Prior to setting up a Multi Node Hadoop Cluster, I set up a single node standalone installation. I recommend doing this because it allowed me to make sure my code worked, i.e. my jar file was valid, my Mapper and Reducer were working, etc.

In order to set up a multi node hadoop cluster, the standard Hadoop Cluster setup instructions applied to the EC2 environment meant that I would have to do the following
  1. find an AMI with hadoop on it
  2. bring up N+1 of those
  3. make one the master and the rest the slaves
  4. change the master config to account for the slaves
  5. change the slave config to point to the master
  6. allow Hadoop component port access between master and slave for namenode and datanode communication
  7. start the system up.
The scripts at {hadoop src location}/src/contrib/ec2/bin use the ec2 API shells to do attempt to do all of the above.
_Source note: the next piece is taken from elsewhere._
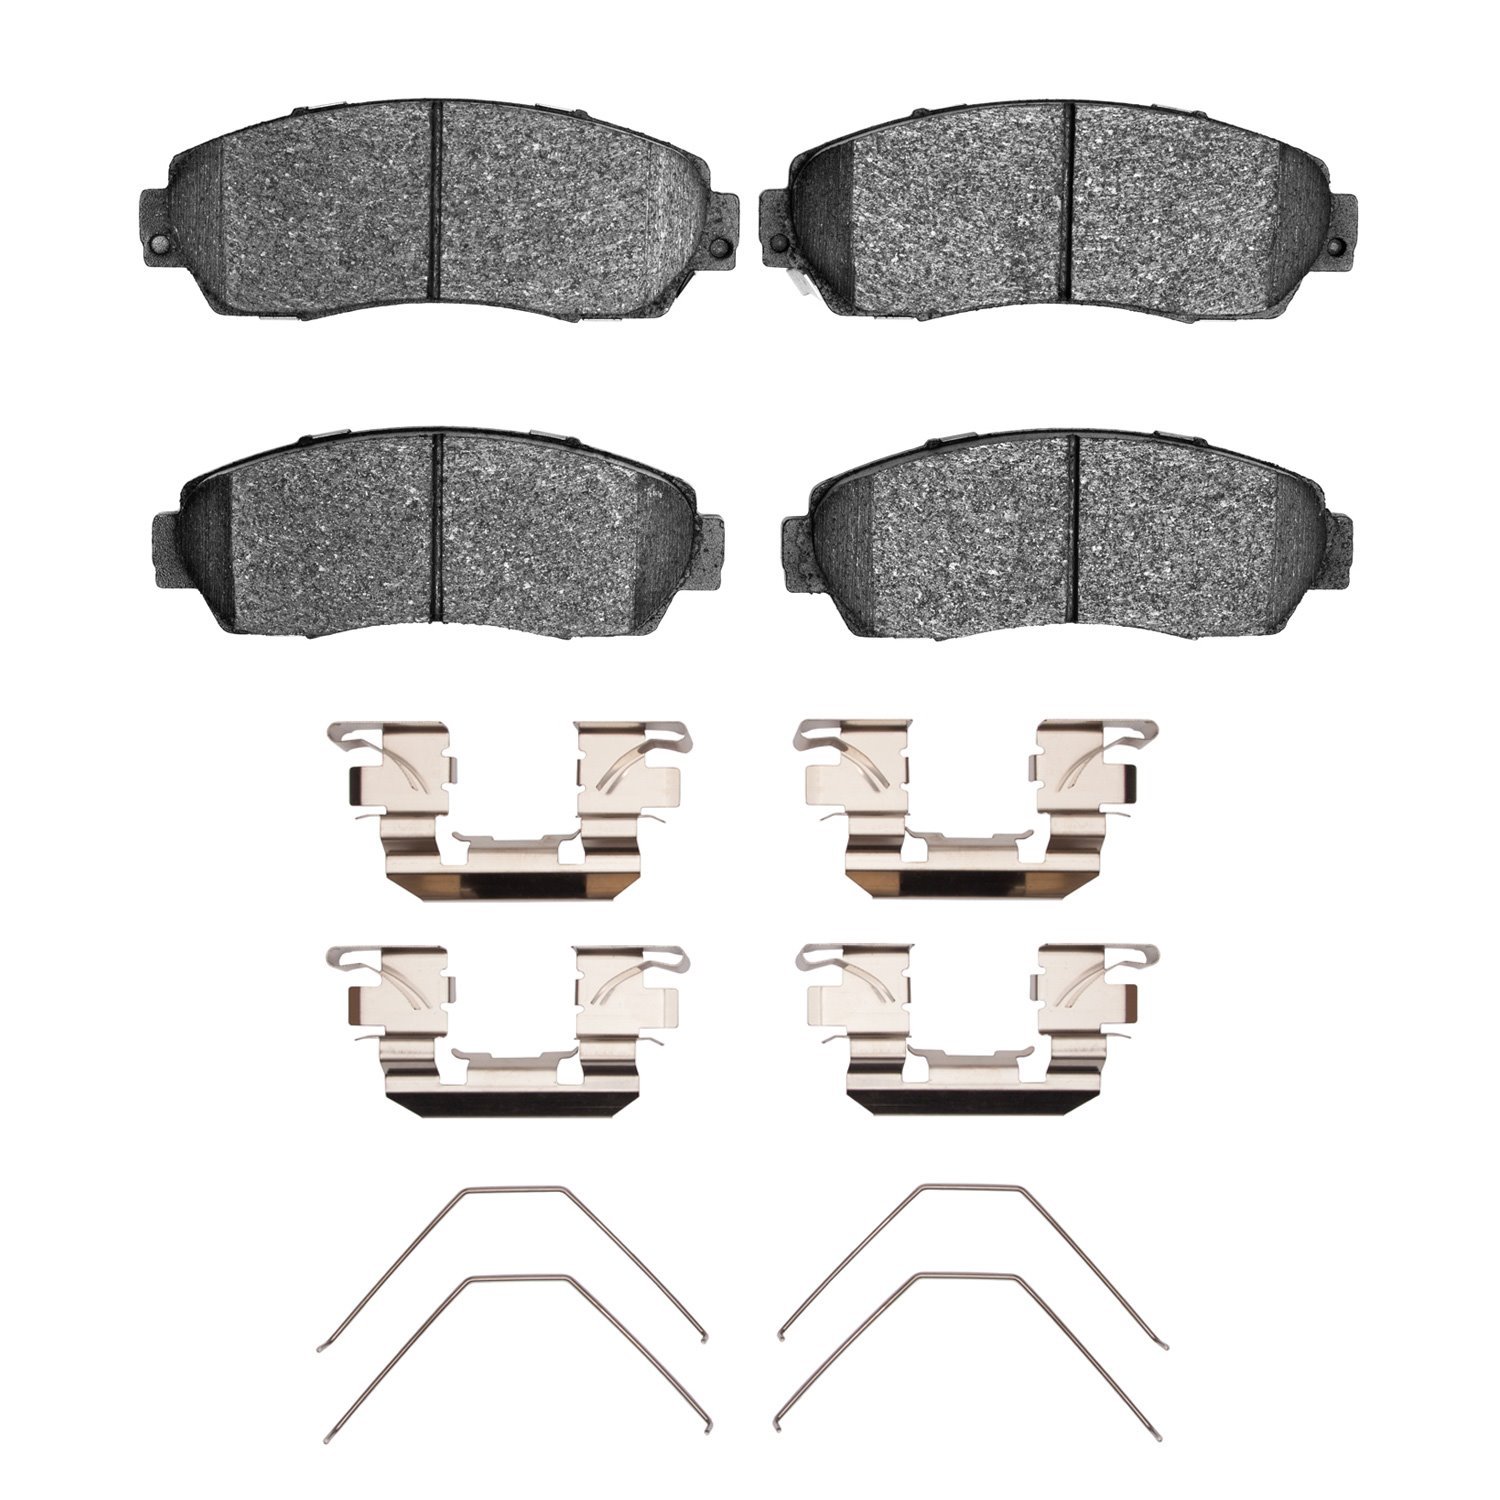 1310-1521-01 3000-Series Ceramic Brake Pads & Hardware Kit, Fits Select Multiple Makes/Models, Position: Front

They fall short in a couple of key areas, and need to be extended. I'm going to detail the necessary steps I took to get a cluster fully operational so that I can extend those scripts in the future.

What the scripts do:
  1. Find AMIs and starting up instances, N slave instances and 1 master instance.
  2. Allow you to log into the master as well as push files out to it.
  3. Generate a private/public key on the master, and push the public key out to the slaves to enable password-less ssh.
  4. Push the master hadoop-site.xml out to all slaves.
What they do not do:
  • they do not configure the master conf/slaves file to contain the IPs of all slaves.
  • they do not set up security groups with overridden port values specified in the /etc/rc.local of the AMI I was using. Those values are catted to conf/hadoop-site.xml. To be honest, there is no way they could actually be aware of those values unless the scripts were synchronized to the image, which they weren't.

Both of these mean that true distributed startup doesn't happen. But the failure is 'silent', so unless you are looking at the logs on multiple machines, you don't know that things are failing.

Initial Script Setup Steps
Here are the steps I used to get working with the scripts. Note that the AMI the scripts point to by default has version 0.17 of Hadoop installed.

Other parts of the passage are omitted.